July 26, 2018

Klobuchar, Wyden Lead Entire Senate Democratic Caucus in Calling on Treasury Department to Reverse Decision that Protects Dark Money

It was recently announced that organizations involved in issue advocacy would no longer be required to identify the source of their contributions, a practice that helps prevent ineligible contributors—including foreign actors—from making illegal donations in U.S. elections  

WASHINGTON- U.S. Senator Amy Klobuchar (D-MN), Ranking Member of the Senate Rules Committee with oversight jurisdiction over federal elections, and Senator Ron Wyden (D-OR), Ranking Member on the Senate Finance Committee, led the entire Senate Democratic Caucus in a letter today urging the Treasury Department and the Internal Revenue Service (IRS) to reinstate a requirement for organizations to identify the source of their contributions, a practice that helps prevent ineligible contributors—including foreign actors—from making illegal donations in U.S. elections.

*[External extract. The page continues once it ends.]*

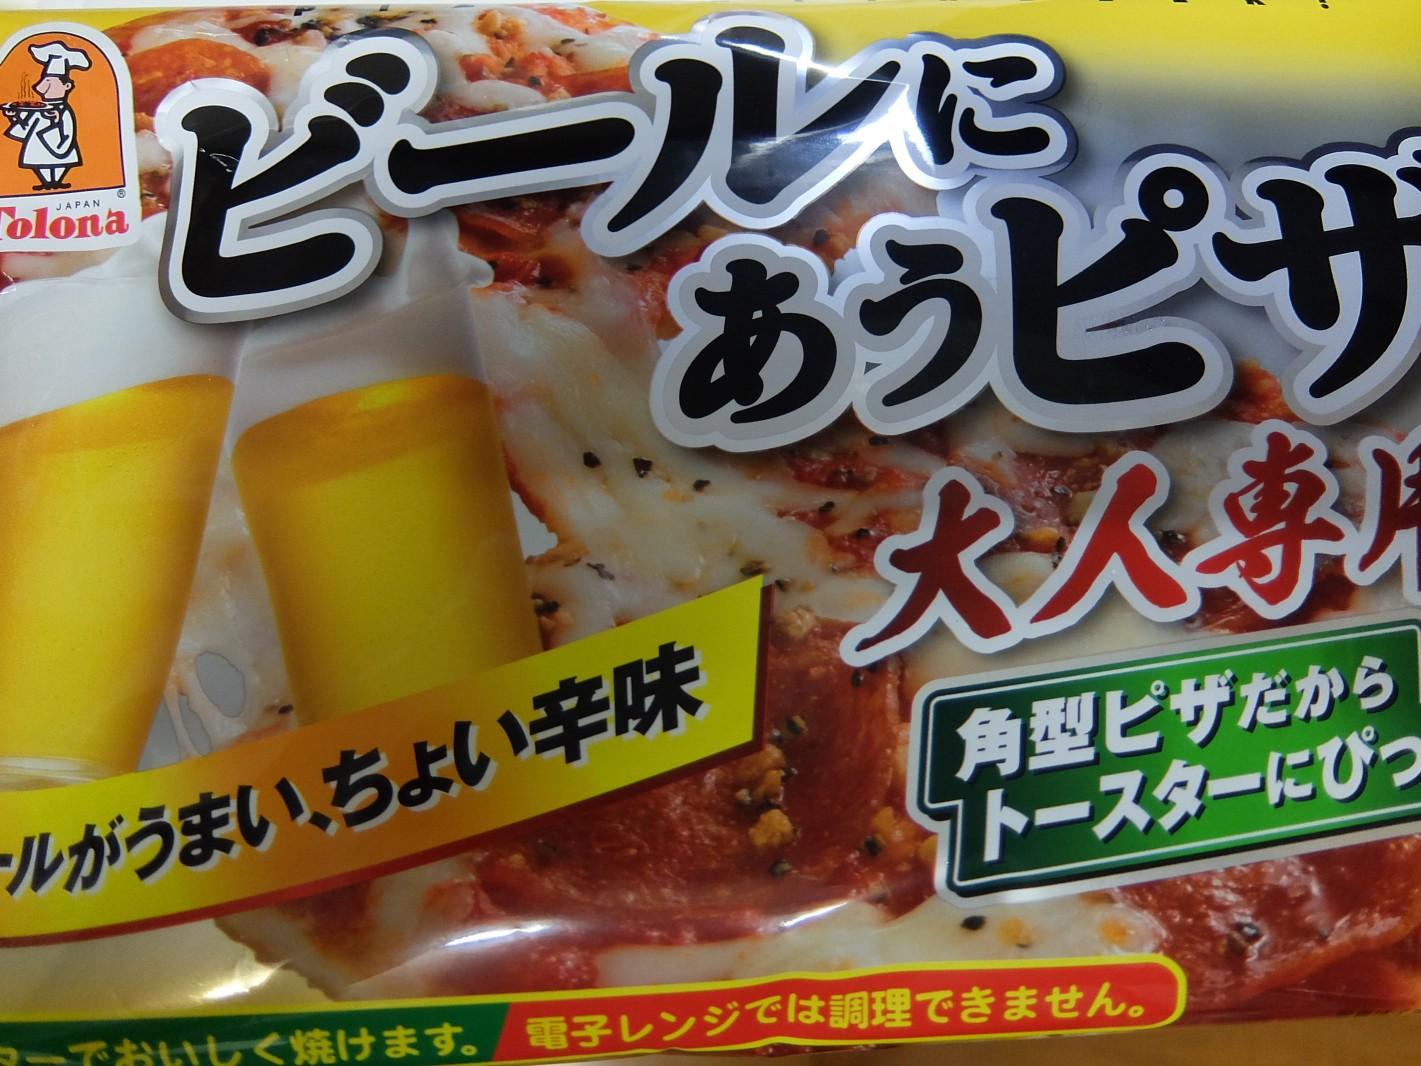 暑かった日の夕刻、「ビールにあうピッツァ」(トロナジャパン) 今年は特にスパイシー

The letter follows a recent announcement that this decades-old practice would no longer be required of groups engaged in issue advocacy.

“Americans have the right to know who is paying to influence our elections. We need to restore Americans’ confidence in our political system—that means shining a light on the dark money entering our elections, not making it easier for special interests and foreign actors to exploit loopholes at the expense of the American people,” the senators wrote in the letter. “We strongly urge you to reconsider your decision and reinstate the requirement that organizations identify their donors on their Form 990 filings.”

The full text of the letter can be found below:

Dear Secretary Mnuchin and Acting Commissioner Kautter:

We write to express significant concern regarding the Treasury Department and Internal Revenue Service’s announcement that the IRS will no longer require certain tax-exempt organizations to identify the names of their individual donors and to strongly urge you to reverse the decision.

This announcement upends decades of practice under which 501(c)(4) groups that engage in issue advocacy are required to identify, in confidential filings, the names of individual donors who make significant financial contributions. This longstanding requirement is a commonsense way to prevent ineligible contributors—including foreign actors—from making illegal contributions in U.S. elections.

Our election laws expressly prohibit foreign nationals “from contributing, donating or spending funds in connection with any federal, state, or local election in the United States, either directly or indirectly.” Eliminating the requirement that organizations identify the source of their contributions threatens to render the foreign donation prohibition nearly impossible to police and enforce. Coupled with the Supreme Court’s decision in the 2010 case of Citizens United v. Federal Election Commission, which opened the floodgates for corporate contributions to politically active organizations, your decision today can be expected to exacerbate the already fraught problem of “dark money” influencing our elections.

Americans have the right to know who is paying to influence our elections. We need to restore Americans’ confidence in our political system—that means shining a light on the dark money entering our elections, not making it easier for special interests and foreign actors to exploit loopholes at the expense of the American people.

We strongly urge you to reconsider your decision and reinstate the requirement that these organizations identify their donors on their Form 990 filings.